**DATA SECTION:**
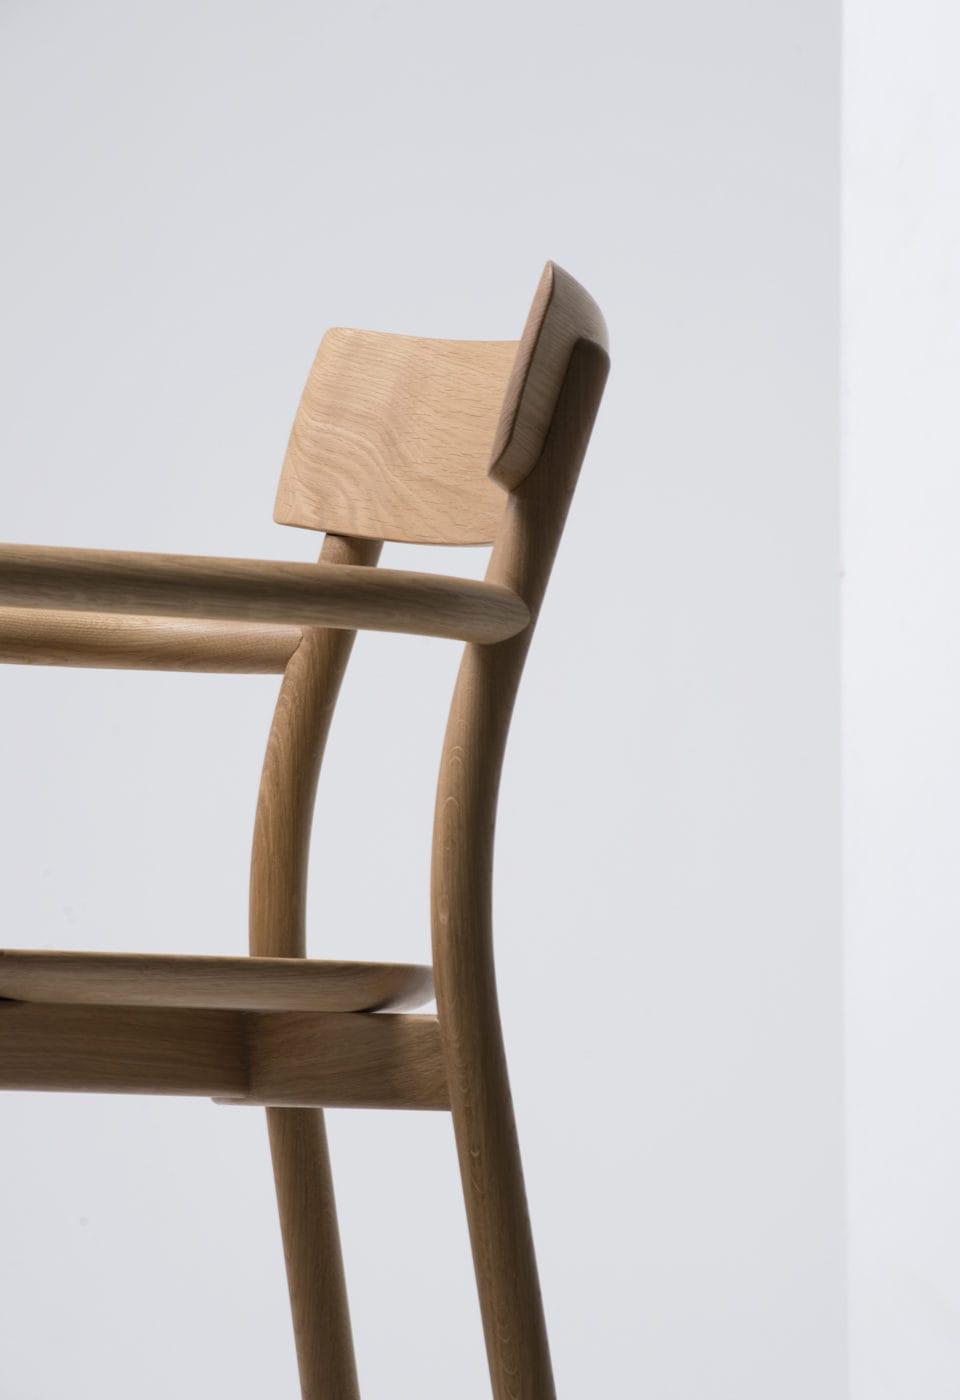 Mc8 Chiaro Chair By Leon Ransmeier For Mattiazzi
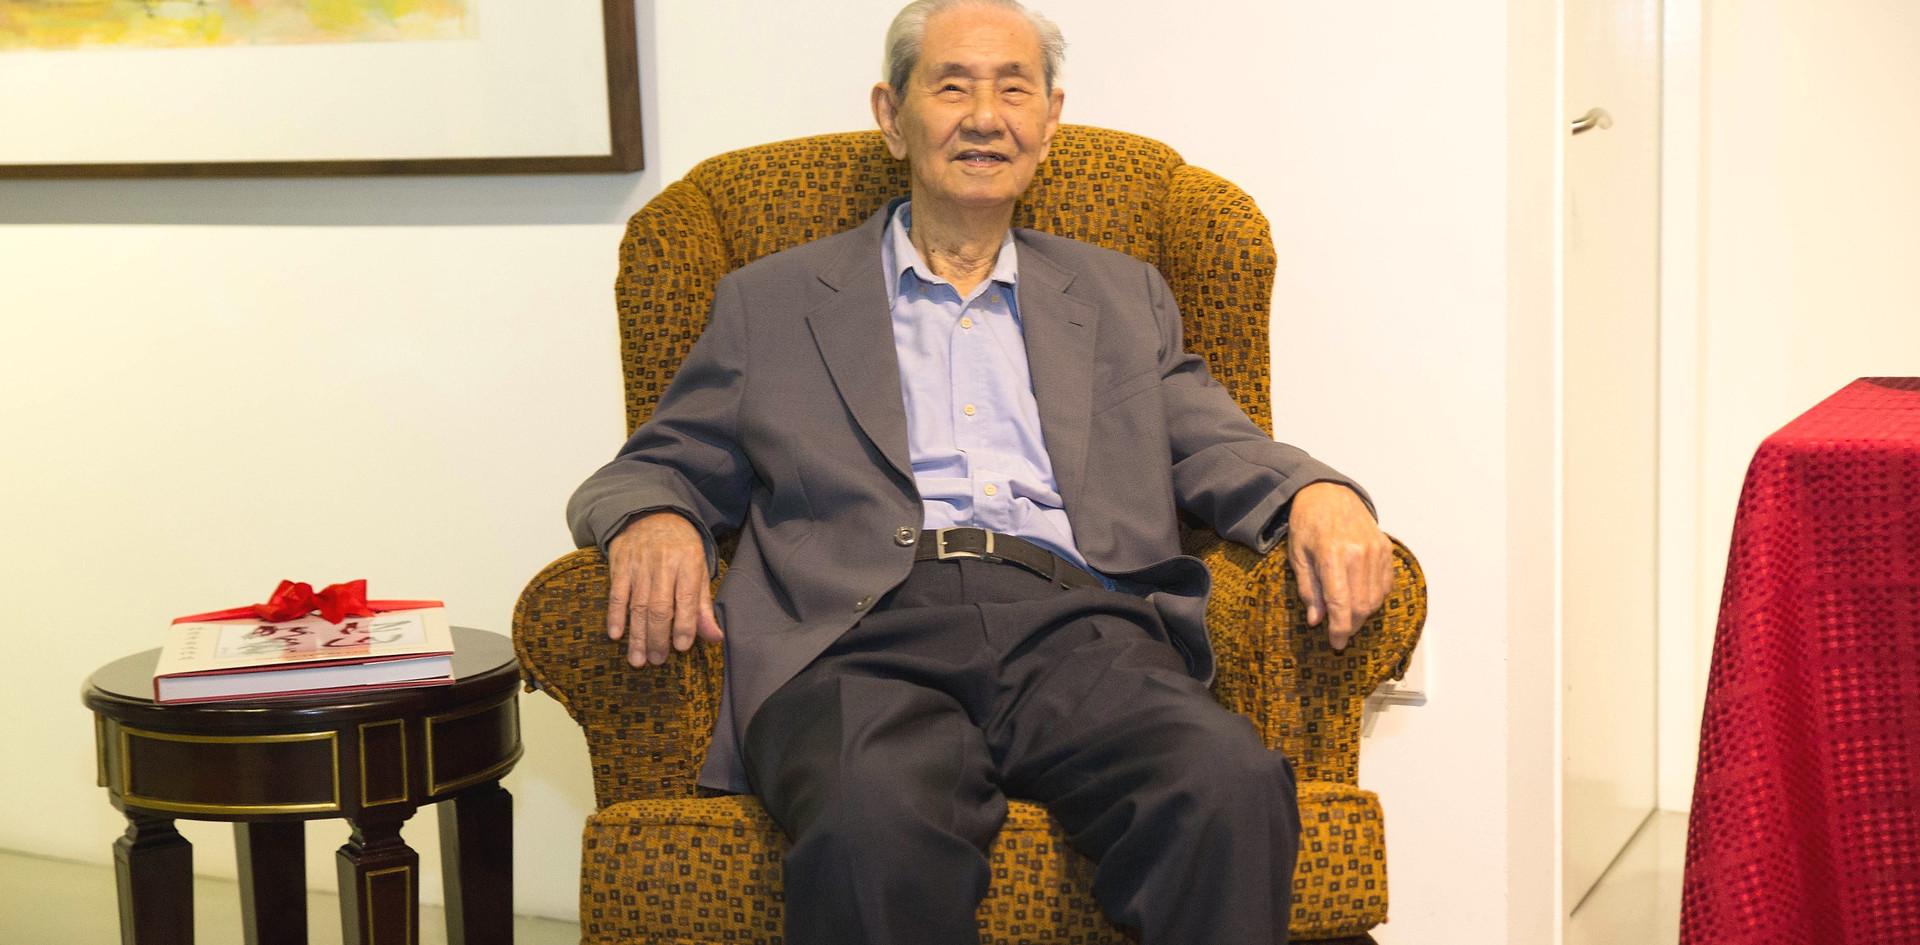 Mr. Lim Tze Peng
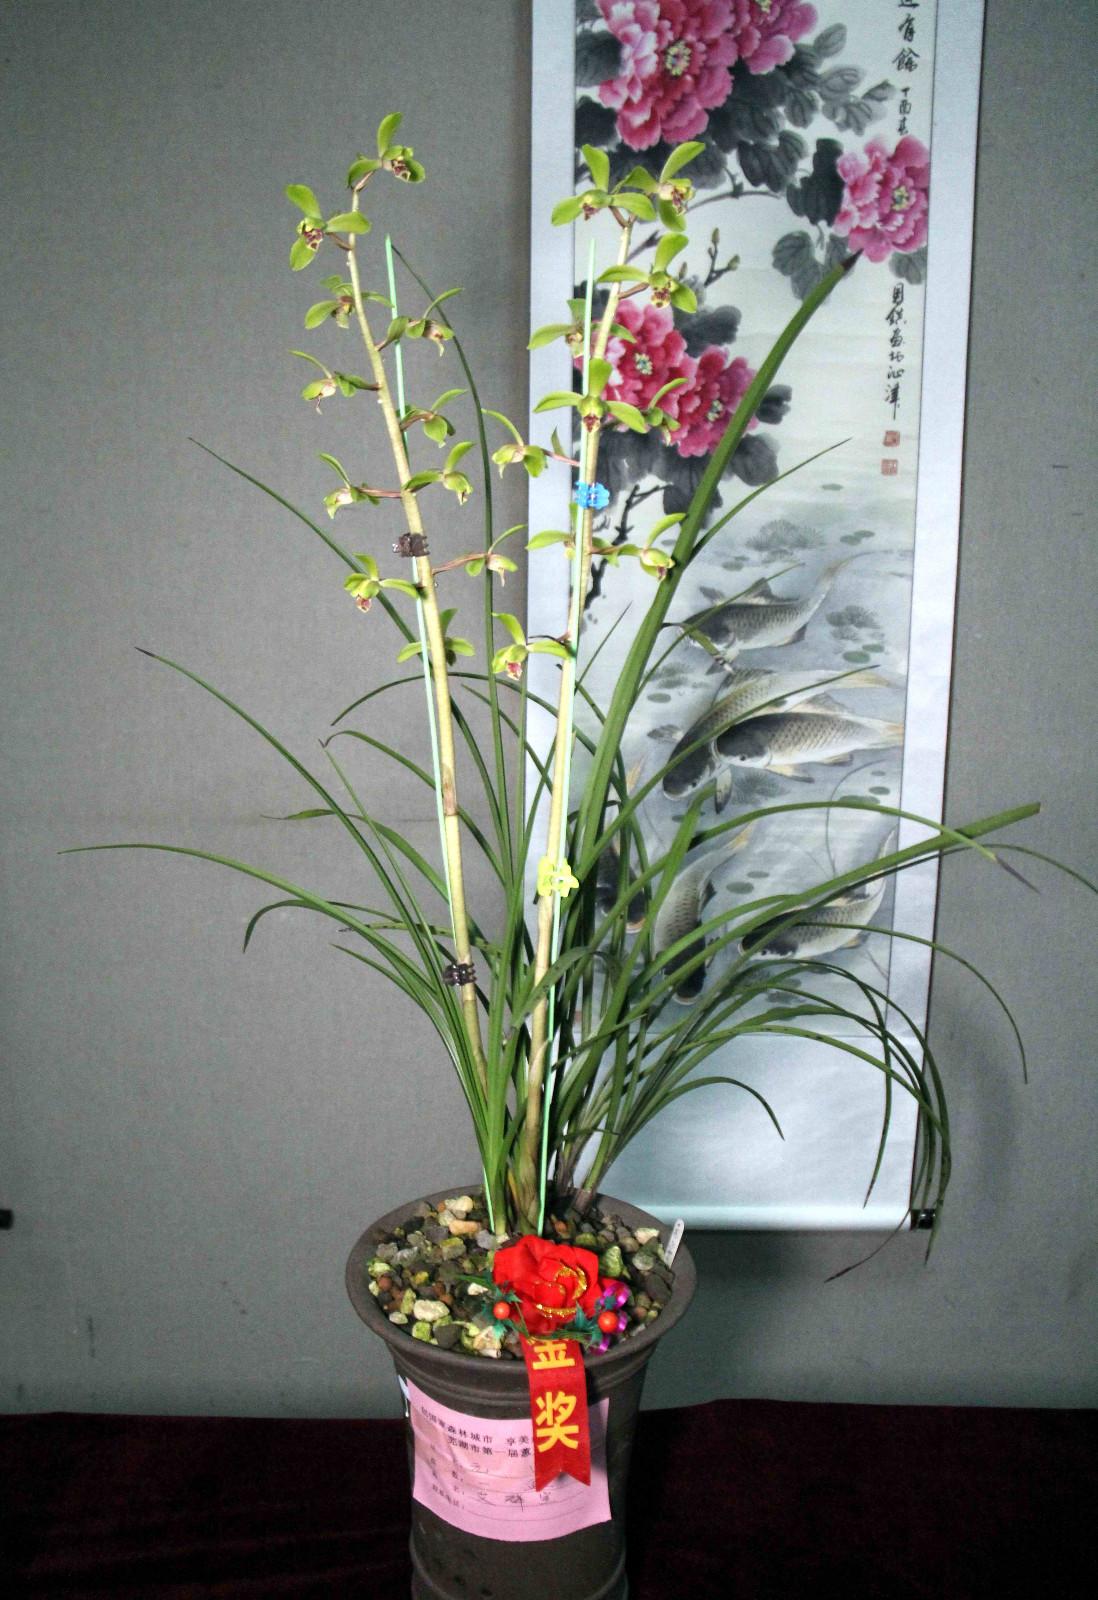 荡字,为竹瓣荷形水仙,被列入传统蕙兰老八种之一,为蕙兰中典型小荷瓣图片

**ASSIGNED TASK:**
Each line from the one with "Mr. Lim Tze Peng" to the last line of the listing should be returned exactly, both ends included, and no picture with them.

**TASK ANSWER:**
 Mr. Lim Tze Peng
 荡字,为竹瓣荷形水仙,被列入传统蕙兰老八种之一,为蕙兰中典型小荷瓣图片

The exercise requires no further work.